In our scenario, doctors who make “professional” public statements, using their social standing as a “professional” to add gravity to their statements, owe all of those who accept their statements as gospel truth a certain degree of actual, real truth regarding the health benefits and smoking cessation qualities of E-cigarettes. They have violated the standard of care that states, quite obviously, that they not mislead their patients so completely as to actually advise them to avoid healthy behavior. These so-called professionals have caused harm to their patients in that they have given them a foundation of untruths on which to base decisions regarding their own health… and if these patients are consequently unable to quit smoking and suffer the harm of cancer or even death, the level of harm is simply increased. And last but not least, this harm is obviously directly related to these doctors’ “professional” advice that E-cigarettes are dangerous. In addition to all four of these requirements for legally-proven medical malpractice being met, these doctors and medical professionals are also guilty of betraying their Hippocratic Oath, which states that they do NO harm.

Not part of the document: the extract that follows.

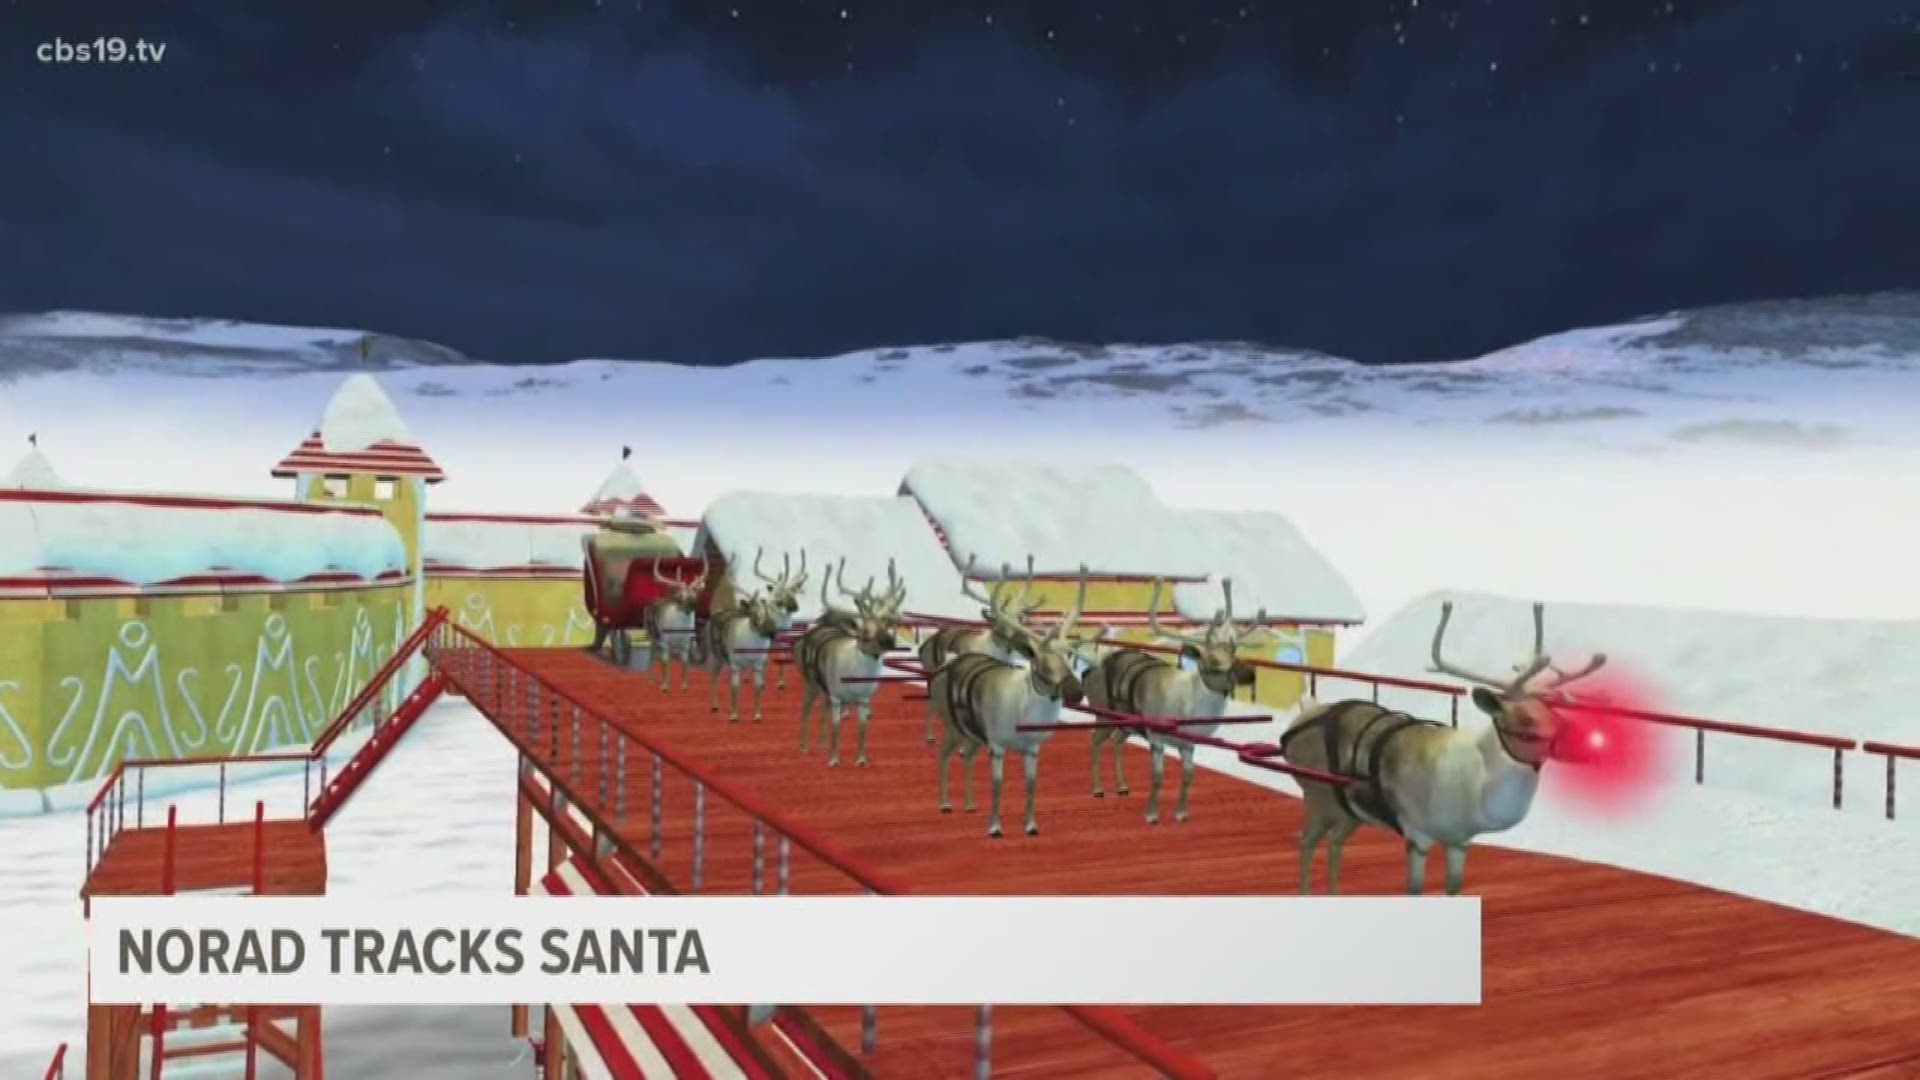 Meteorologist Michael Behrens had the chance to talk to Preston Schlachter of NORAD, who told us how they use radar and satellite to keep an eye on Santa each year!

So, in conclusion, what these people are doing is negligent at best, and criminally evil at worst. They are using their social standing as medical experts to mislead the public into avoiding the very thing that could be their only saving grace. Shame on them! And if someone decides to start a class action lawsuit against these less-than-human, greedy half-wits… I would love to join in the fun! Let me know the moment said lawsuit is filed, please.